WORK TO COMPLETE:
Leave out the pictures and output exactly the lines below from the one with "Michael Schumacher, 14" down to the one with "Oludayo Abayomi Adesola's podcast", both of them included.

MATERIAL FOR THIS TASK:

──────────

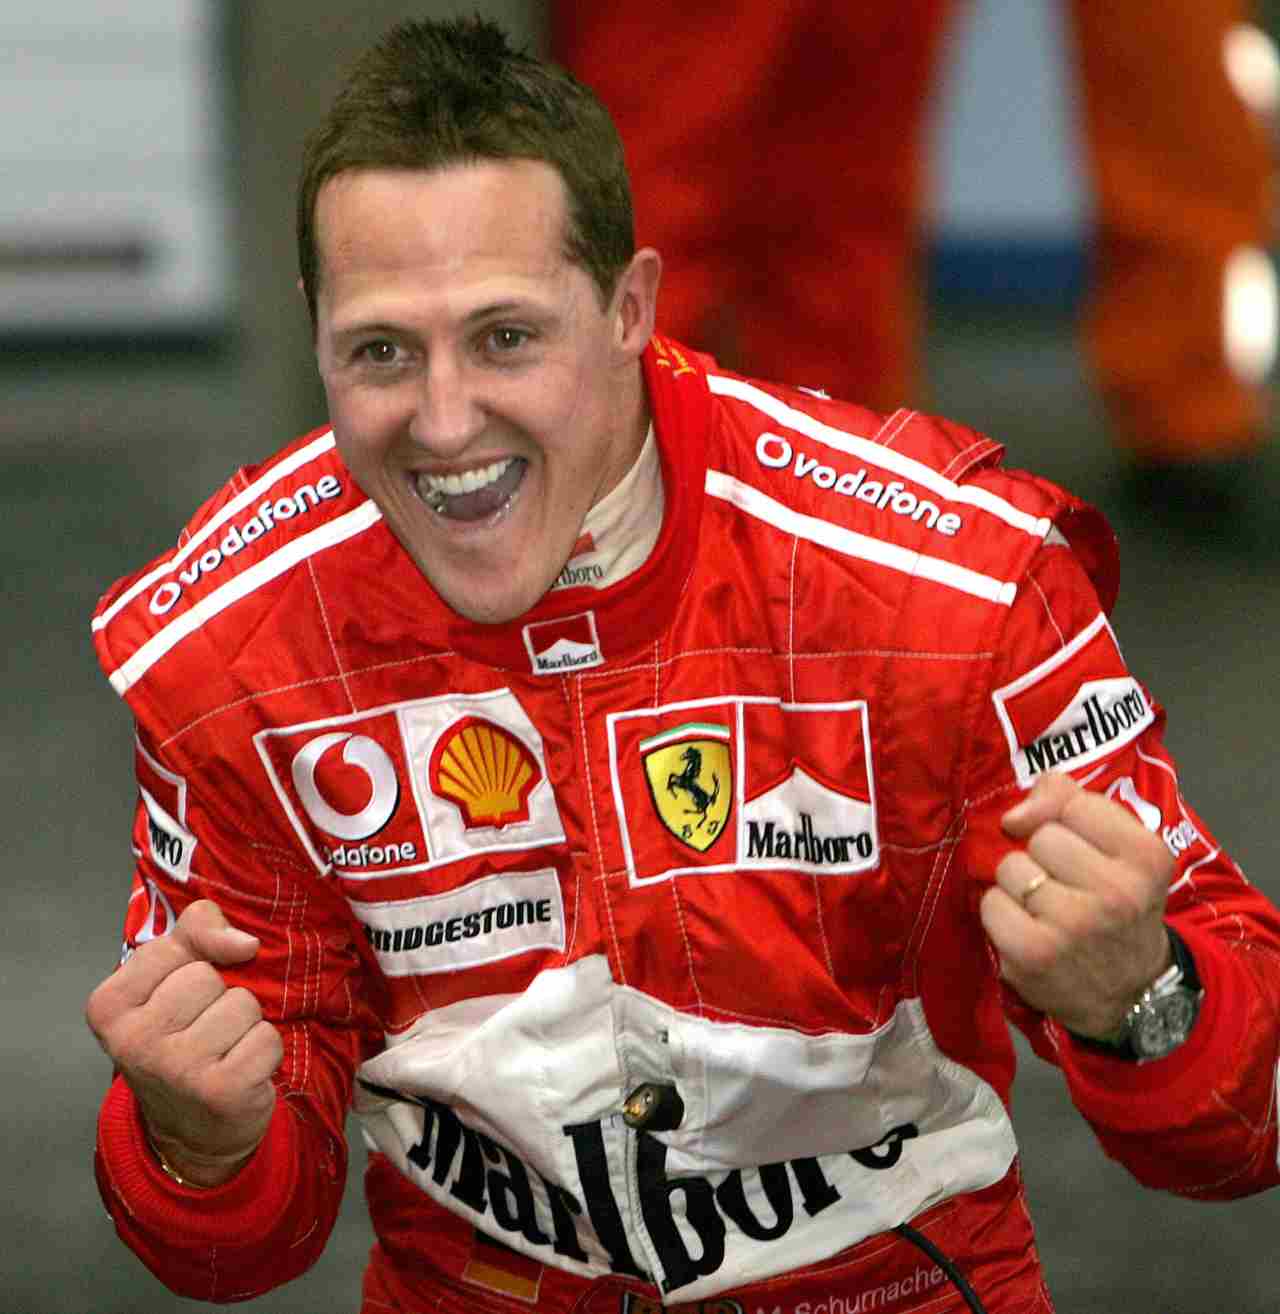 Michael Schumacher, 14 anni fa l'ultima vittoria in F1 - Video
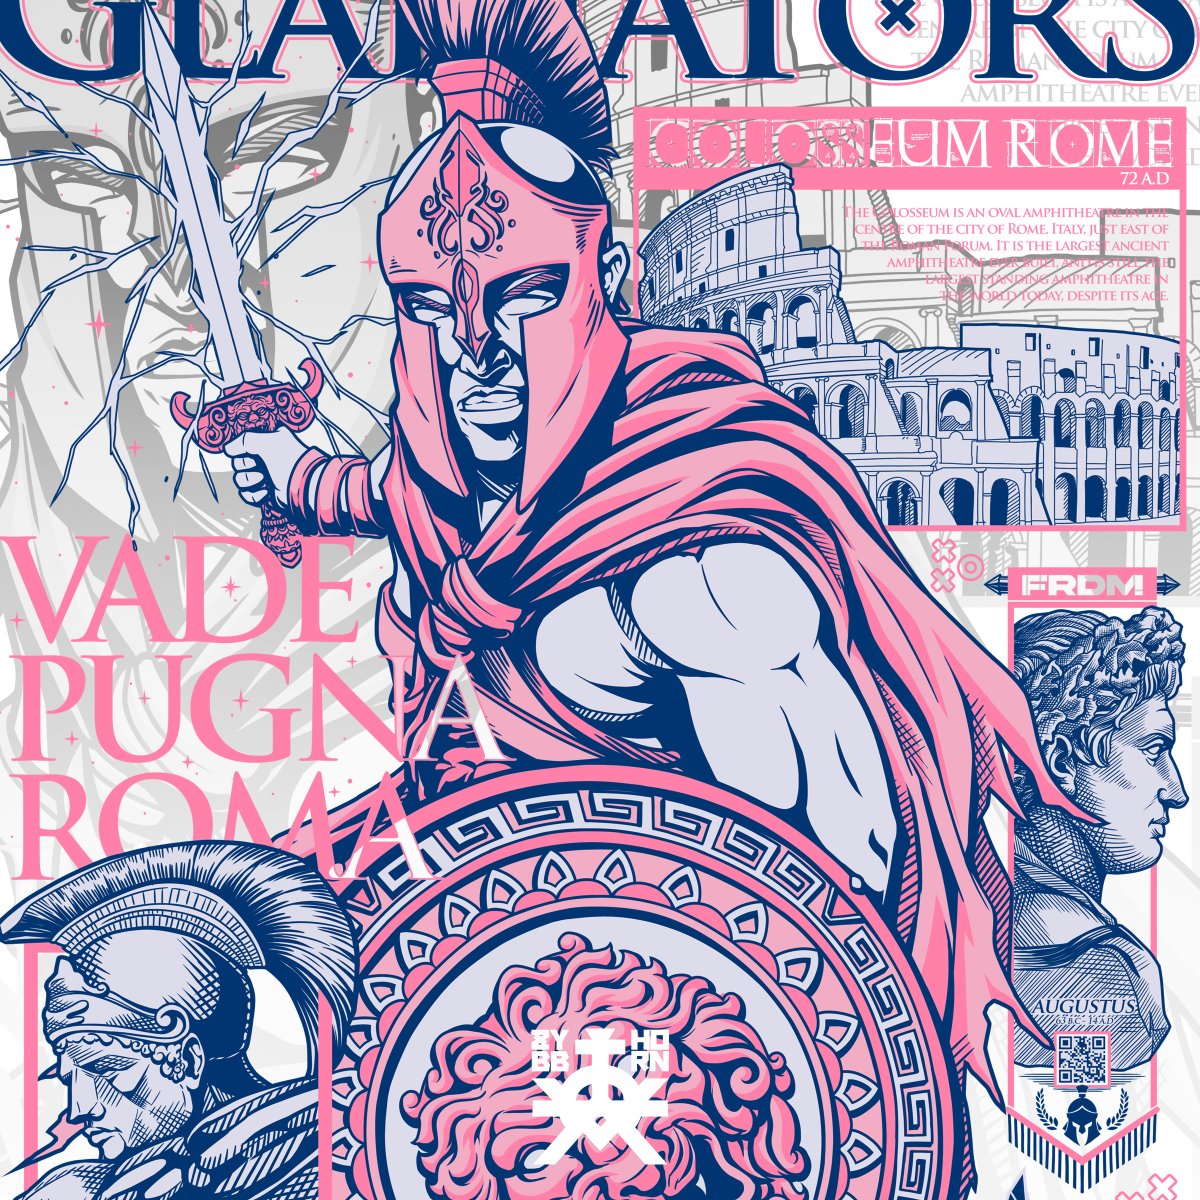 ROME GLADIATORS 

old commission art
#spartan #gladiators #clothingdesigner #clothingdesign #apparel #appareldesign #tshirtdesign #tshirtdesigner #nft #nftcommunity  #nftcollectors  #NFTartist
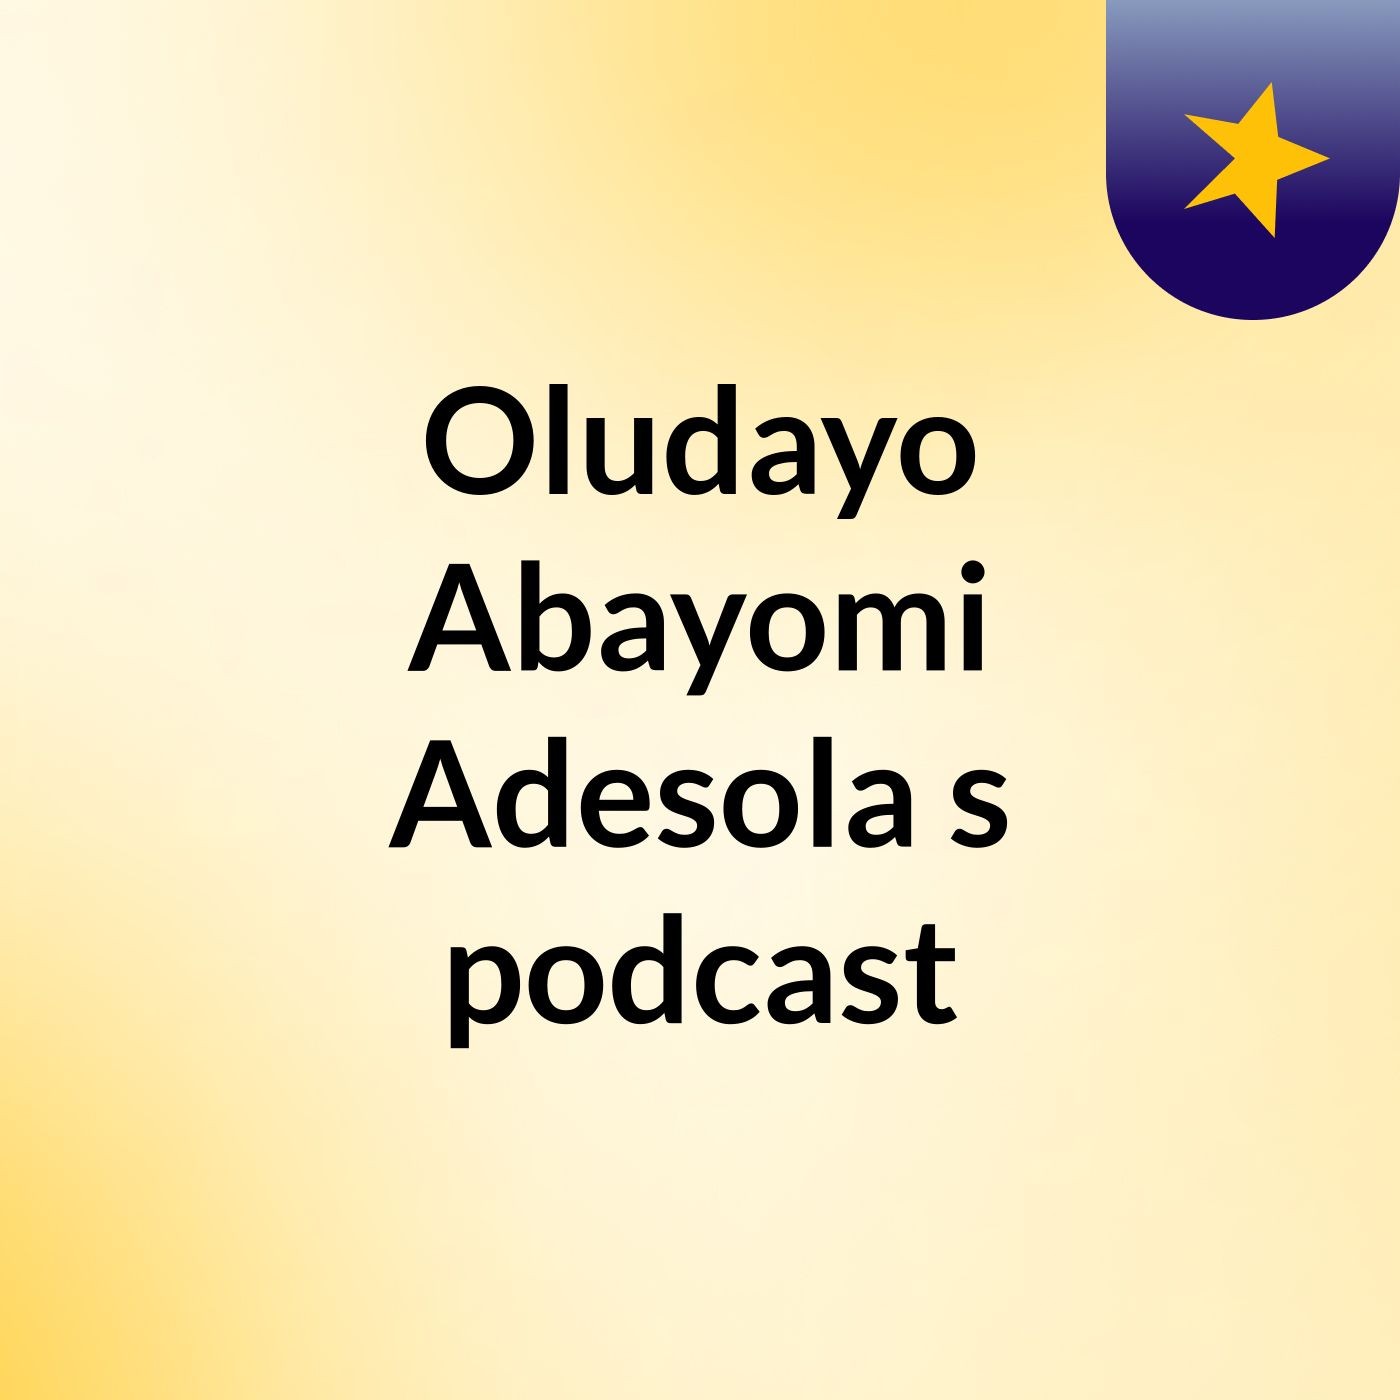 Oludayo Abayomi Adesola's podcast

──────────

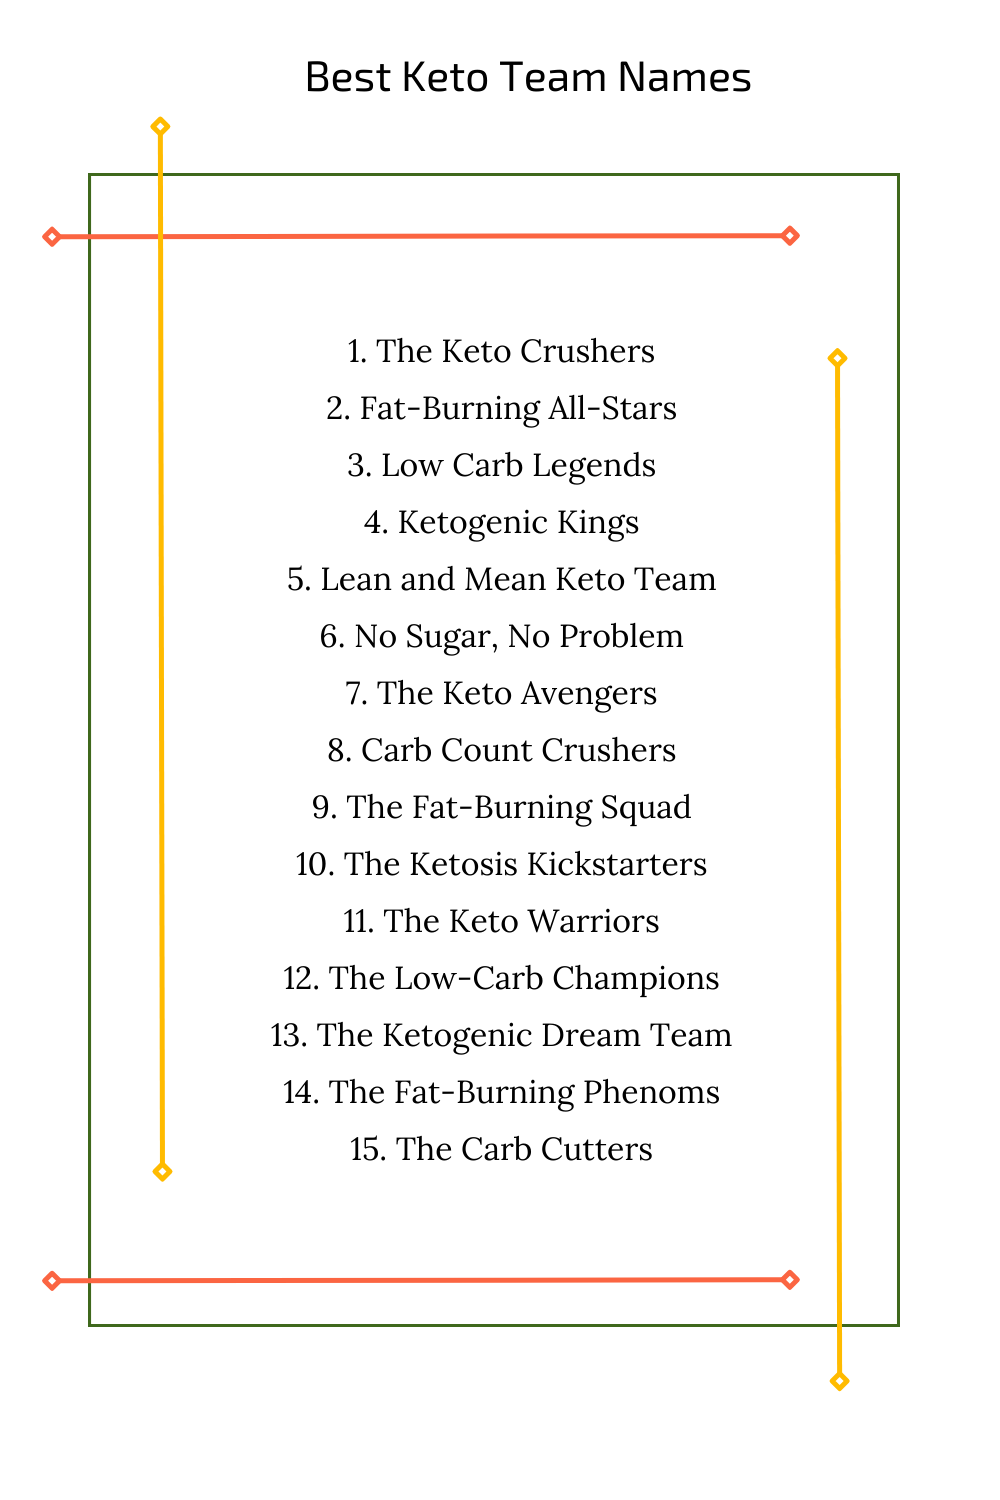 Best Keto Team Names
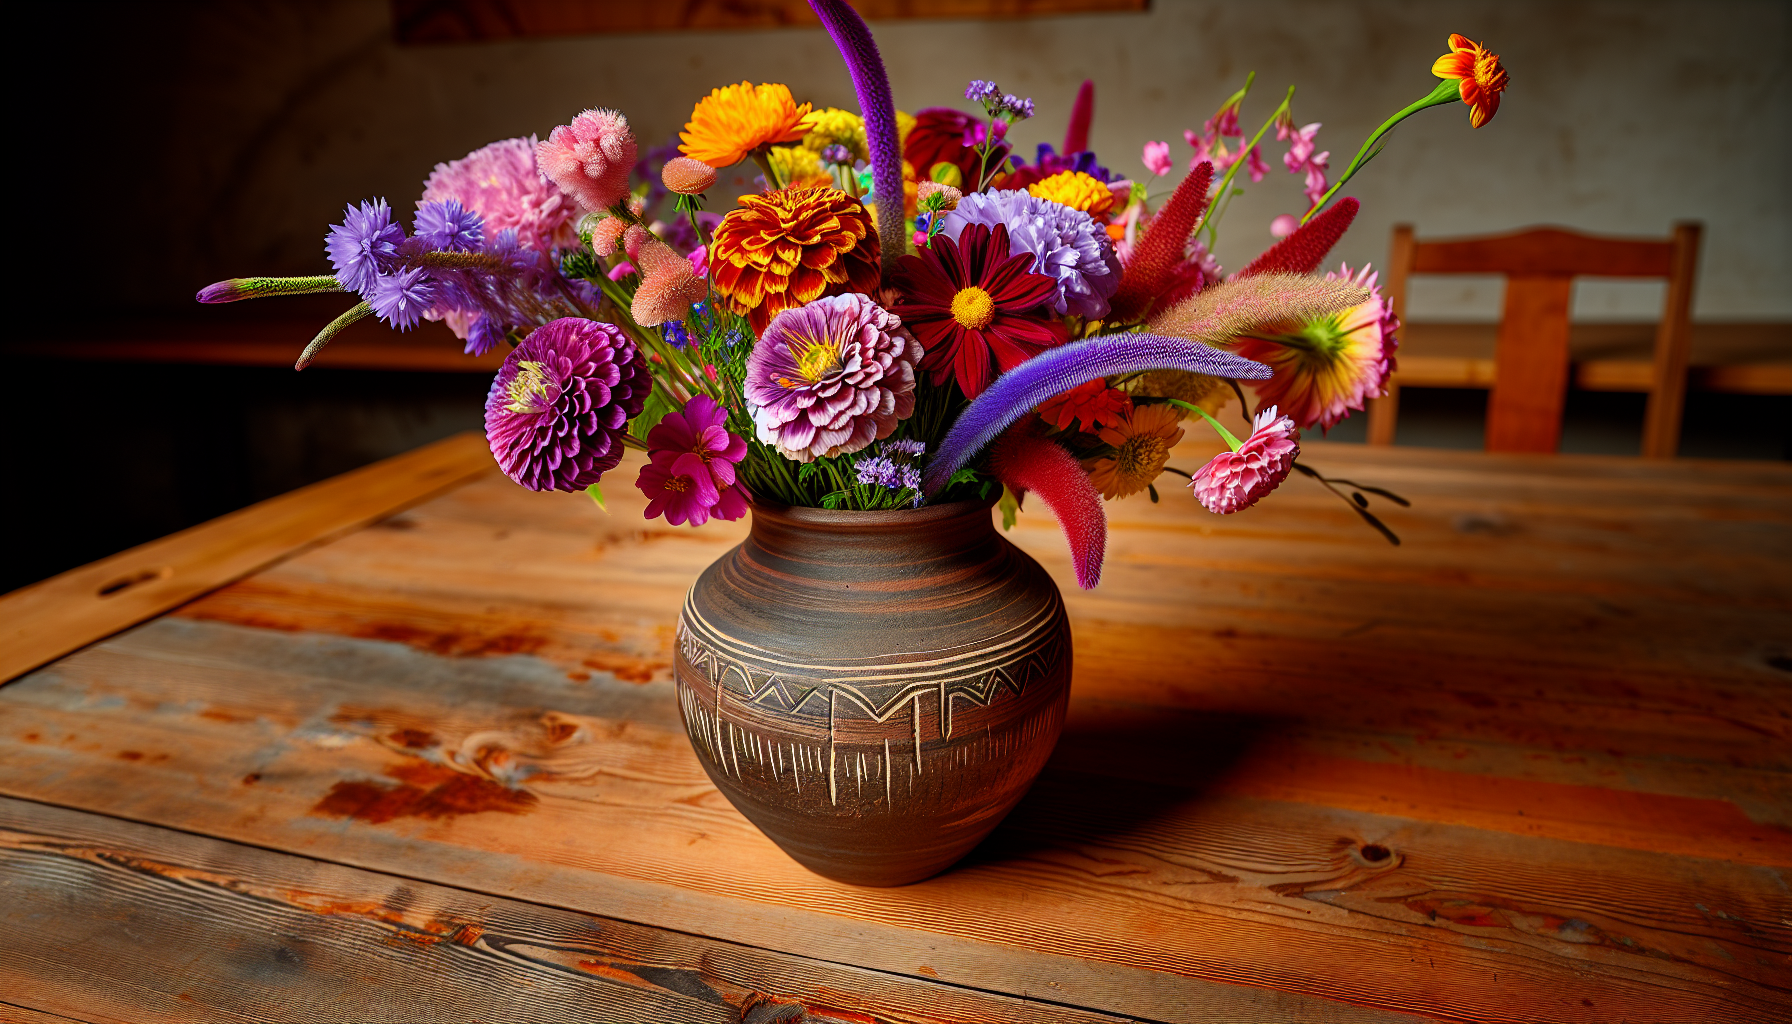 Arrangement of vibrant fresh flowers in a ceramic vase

──────────

SOLVED EXERCISE:
 Michael Schumacher, 14 anni fa l'ultima vittoria in F1 - Video
 ROME GLADIATORS 

old commission art
#spartan #gladiators #clothingdesigner #clothingdesign #apparel #appareldesign #tshirtdesign #tshirtdesigner #nft #nftcommunity  #nftcollectors  #NFTartist
 Oludayo Abayomi Adesola's podcast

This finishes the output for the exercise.